I am so excited the word is out!!! You will be such a great Mommy! Congrats again!
congrats !!You will be a great Mom!! You made me tear up reading about hearing the heartbeat for the first time. There is nothing quite like becoming a mother!! It's the most beautiful/rewarding/hard privilege/blessing/job mixed all in one.
Glad you can finally come "Out"! :) The first time being preggie is pretty amazing - I was remembering all the similar things from when I was pregnant with Jackson (ultrasound, heartbeat, etc.) and it's true how much those things really get to you. Sorry about the sciatic nerve problem! Not fun to have a symptom like that so early on, but hang in there and at least you can count on having that subside once the little one is born (I know,k not thrilling to think of dealing with it throughout the pregnancy, but perhaps this will allow for some good massages!!!) :) Exciting times for you and Matt to come!!!
Congrats. I know you will be such a good mother. You seem like you will be a natural.
I had pains from a sciatic nerve from the beginning too. Eventually in the middle of my pregnancy it went away, but came back near the end. I thought it was so strange that the baby was only a dot and already I was having pains.
How very exciting. Congratulations on being prego. Hope all goes well and we look forward to the 17 week ultra sound tell all.
Love,
Aunt Pam
Yeah!!!!! Congrats! Sorry about the sciatica. All I can advise is try to take it easy to avoid flare ups. This too shall pass!!

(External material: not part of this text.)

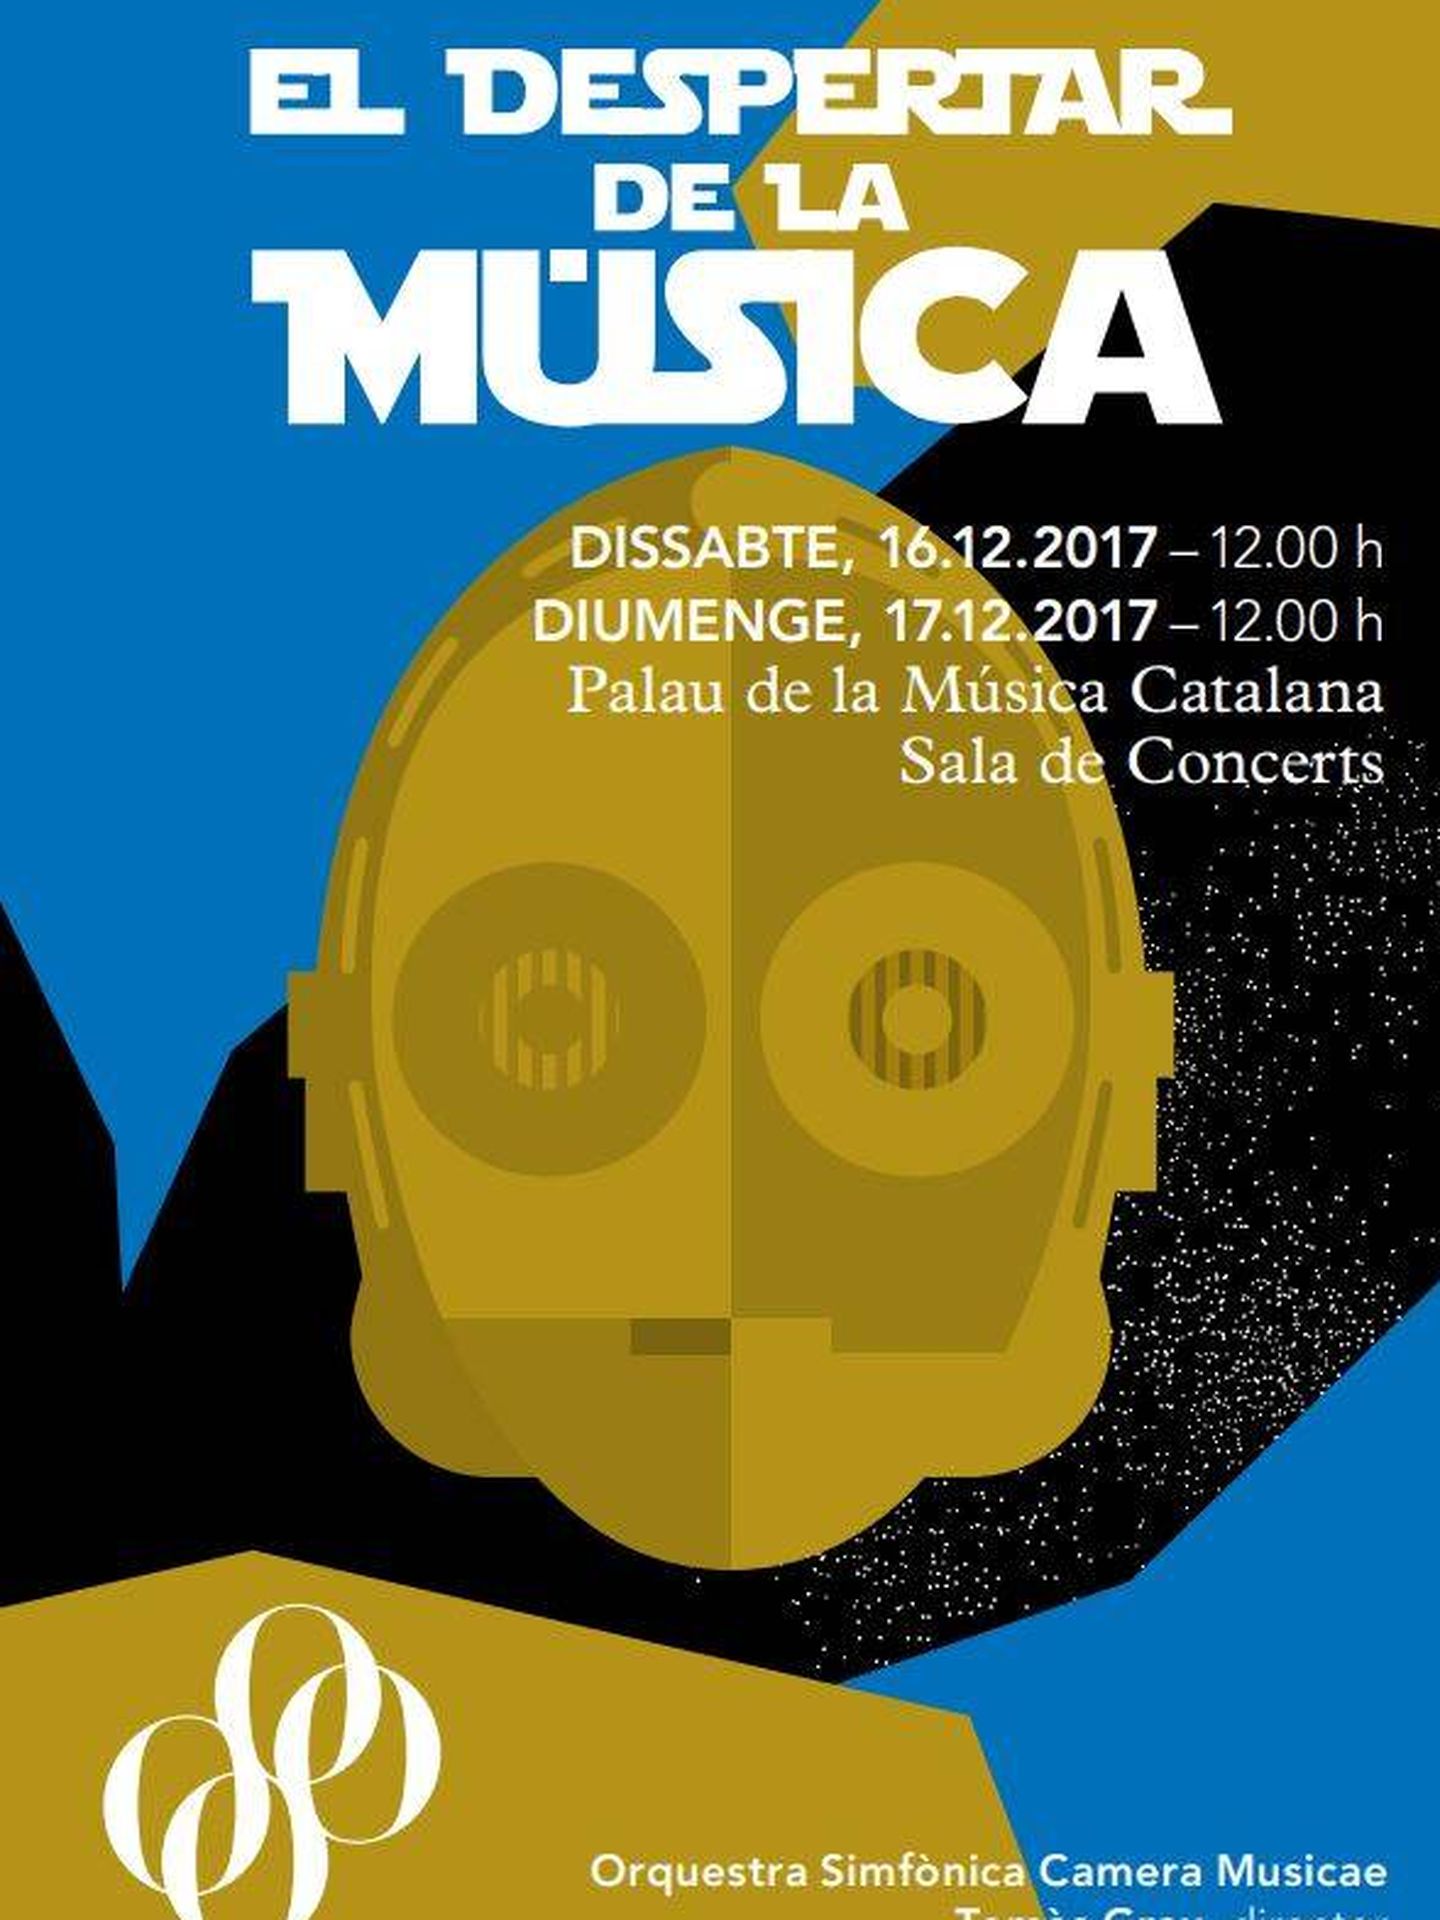 Programa de 'El despertar de la música' en el Palau de Barcelona

KATIE!!! CONGRATS! that is so exciting!
Oh how awesome!! You will LOVE the experience of pregnancy and motherhood. Truly. It's all miraculous and well-worth the sometimes uphill trip.
You two are going to be amazing parents.
I also had the sciatic (sp?) nerve problem with pg #2, although for me it didn't show its ugly face until 2nd trimester or so.

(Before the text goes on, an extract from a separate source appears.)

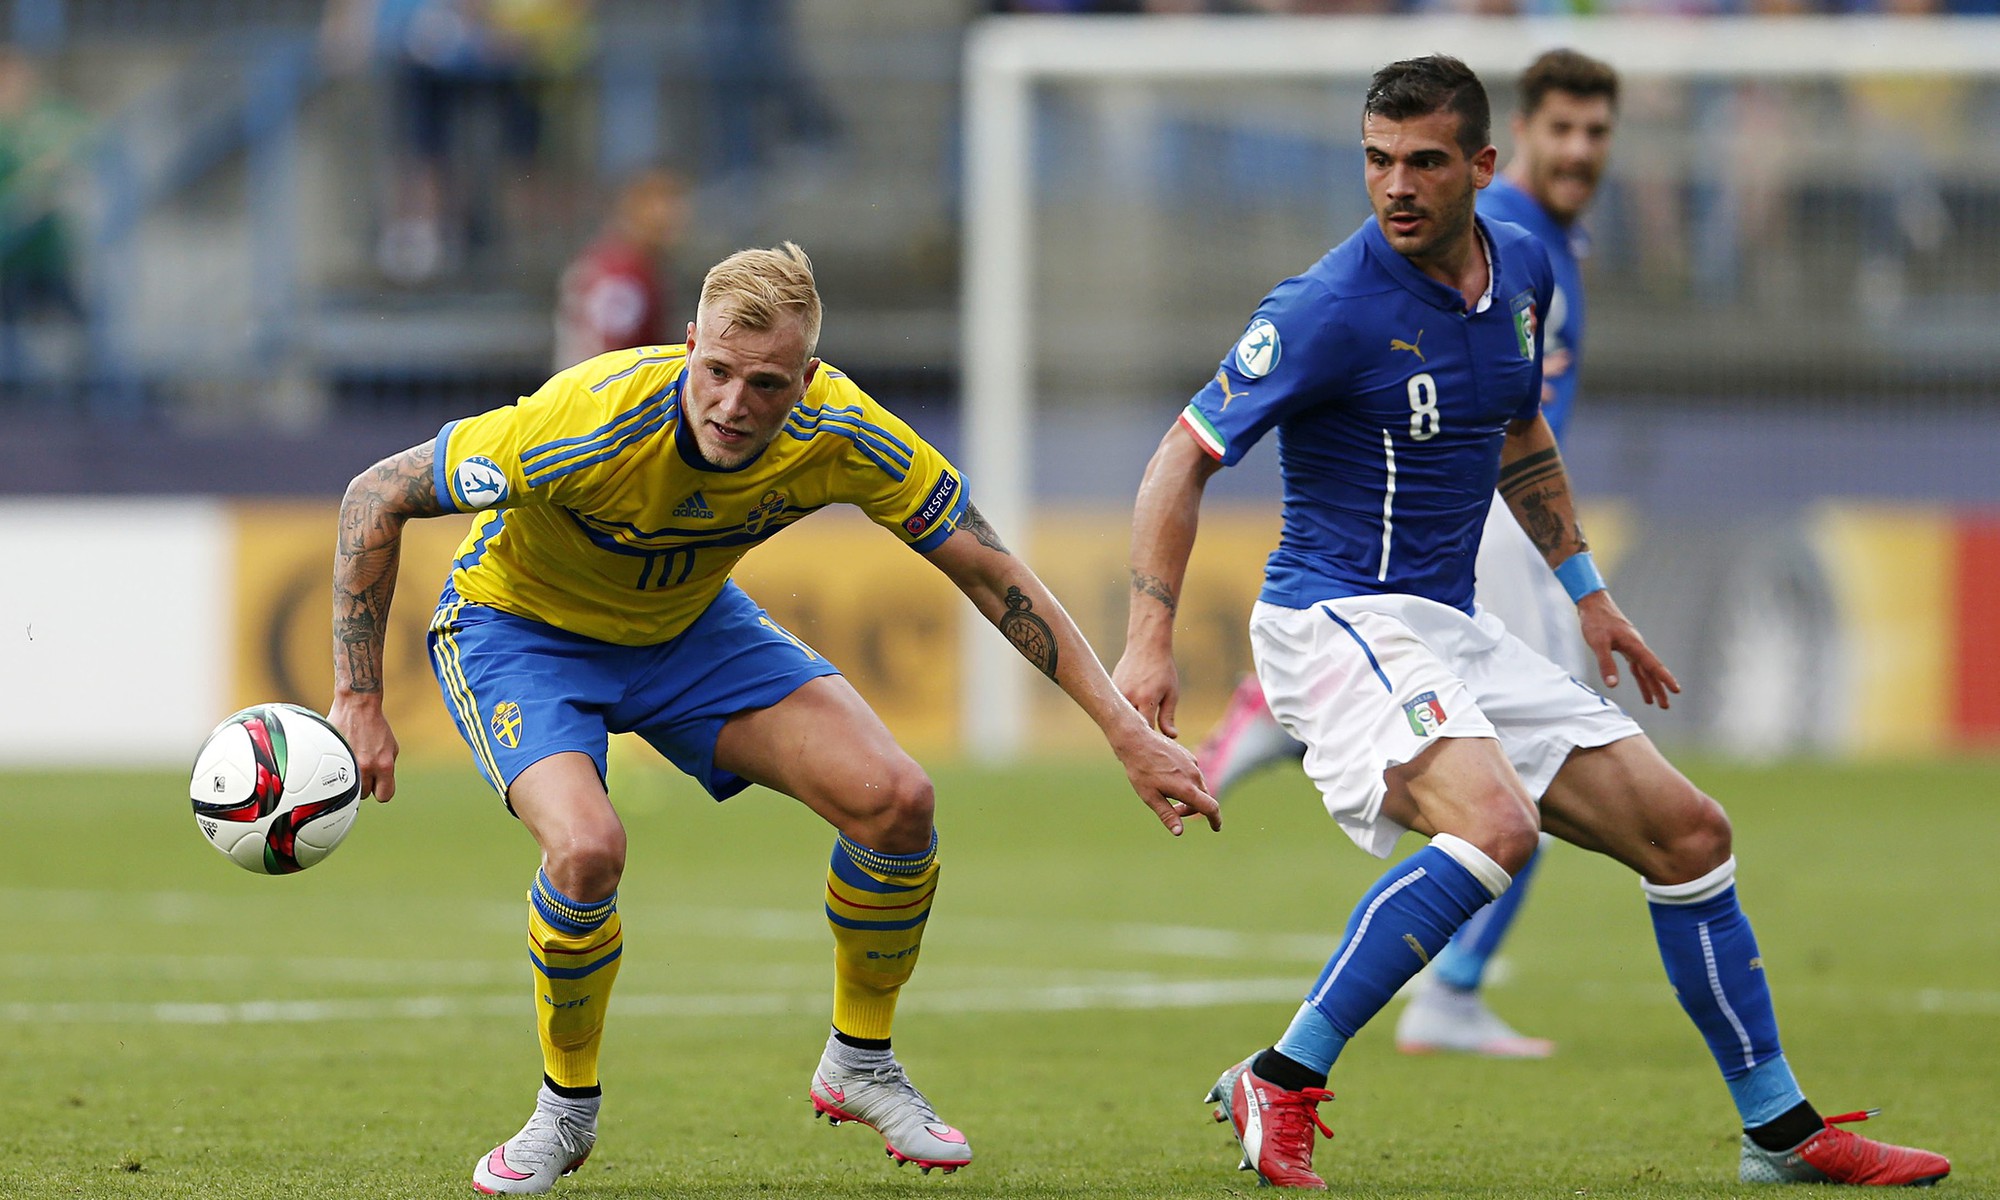 Cuộc đối đầu giữa Italia và Thụy Điển sẽ không quá hấp dẫn và rất sẽ kết thúc với tỷ số hòa.

What my doc recommended is to do daily stretches to keep that area as limber as possible.
The best stretch I found was to get down on the floor on all fours and slowly arch your back like a cat. (you know, how cats arch their back up when they're waking up from naps!)

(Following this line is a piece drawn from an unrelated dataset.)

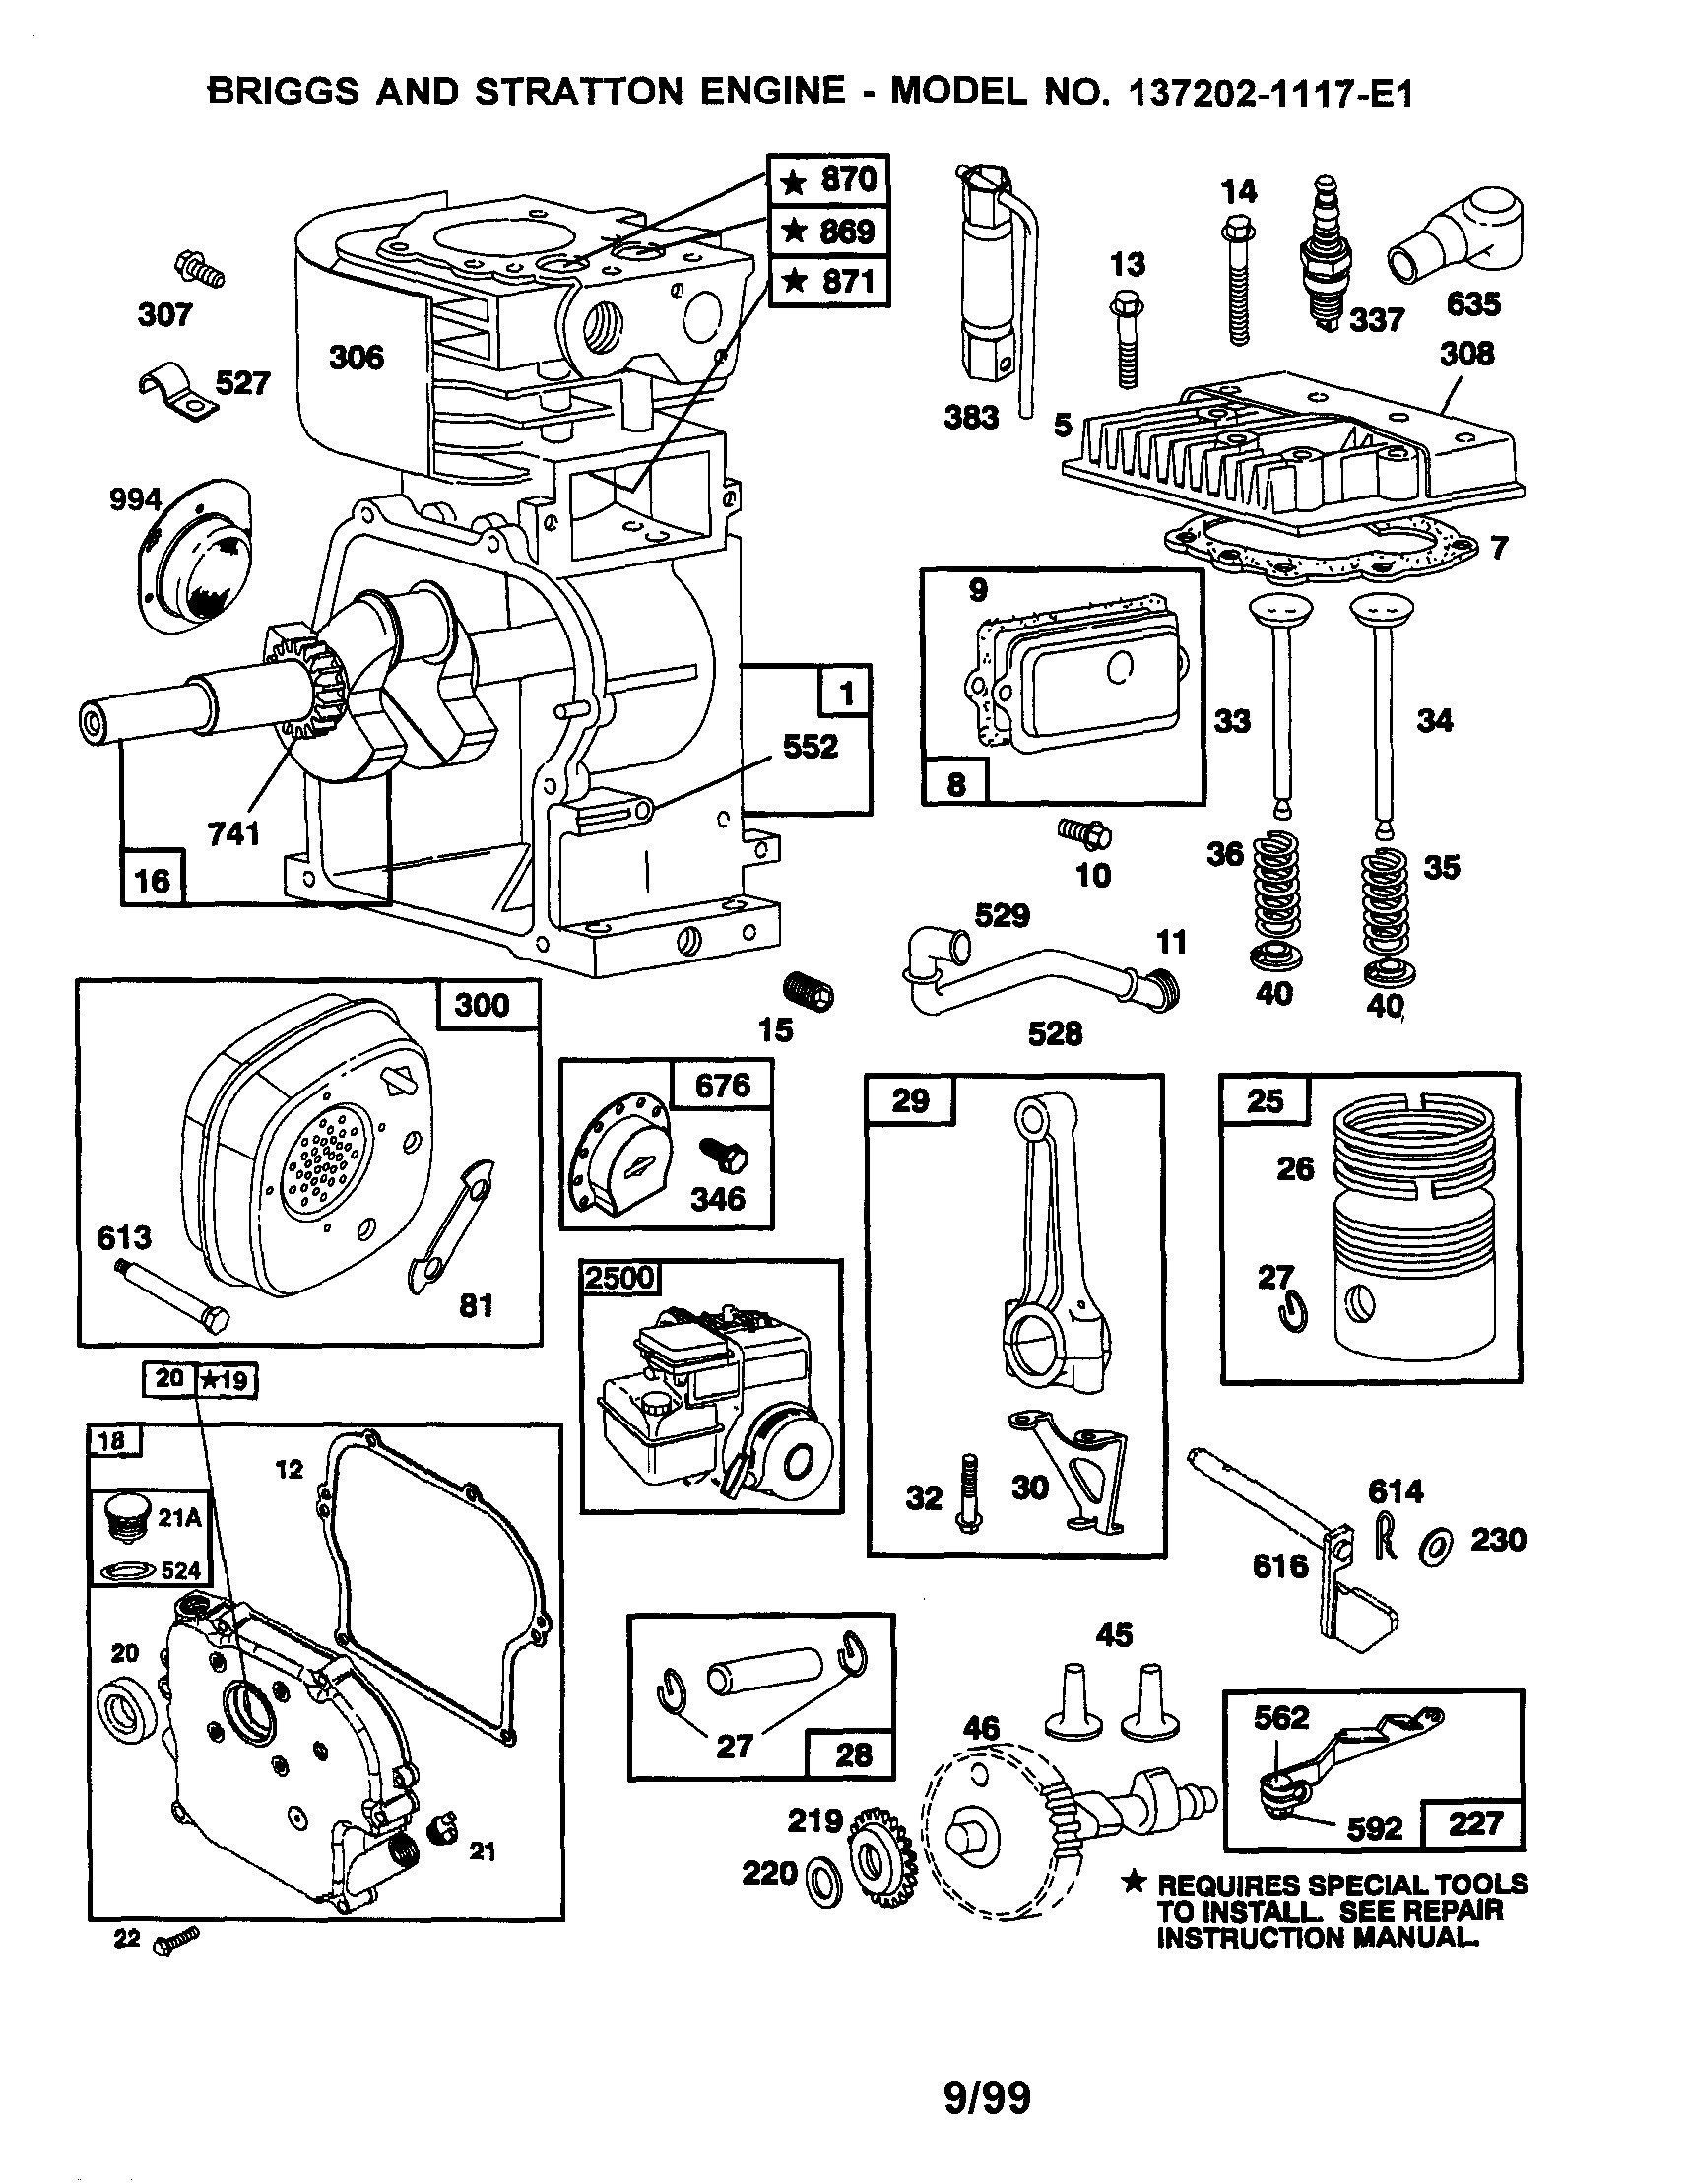 Briggs Engine Parts Diagram Briggs Stratton Engine Parts and Diagrams 2

I'd do that stretch at least a few times a day and it did seem to help reduce the number of times that the nerve acted up.
Unfortunately the only thing that will "cure" it is having the baby. ;-(
I hope it doesn't get too bad when the baby gets bigger!!
Again, congrats you two and have a fun time together preparing for your little baby!!!!!
Hooray Katie and Matt! You guys have built a great foundation in your years together. Which will be very needed since you will not have an uninterrupted conversation for about 20 more years. Ha ha ha, no seriously, I'm really excited for you guys!
YOUR PREGNANT???? I CAN'T BELIEVE. Why didn't you call me???? I am so confused.. Where do babies come from?? Will you call and tell me..
Hooray! Sorry about the pain. I'm glad I haven't had to deal with that. Yeah, just the smallest little thing and already making your body react in all sorts of ways - truly amazing. I'm so excited for you!
I was SO EXTREMELY confused when I pulled up your blog and saw the counter. I thought I had clicked on somebody elses link! It took me a minute to process it. Talk about perfect timing to have been able to finish school How wonderful to have that under your belt. That is a HUGE blessing. CONGRATULATIONS! No matter the reasoning behind it all it is wonderful that you guys had the time together that you did to really get to know each other and to have those years under you. It will be a blessing when this special spirit comes home. Enjoy all the appointments. That are amazing!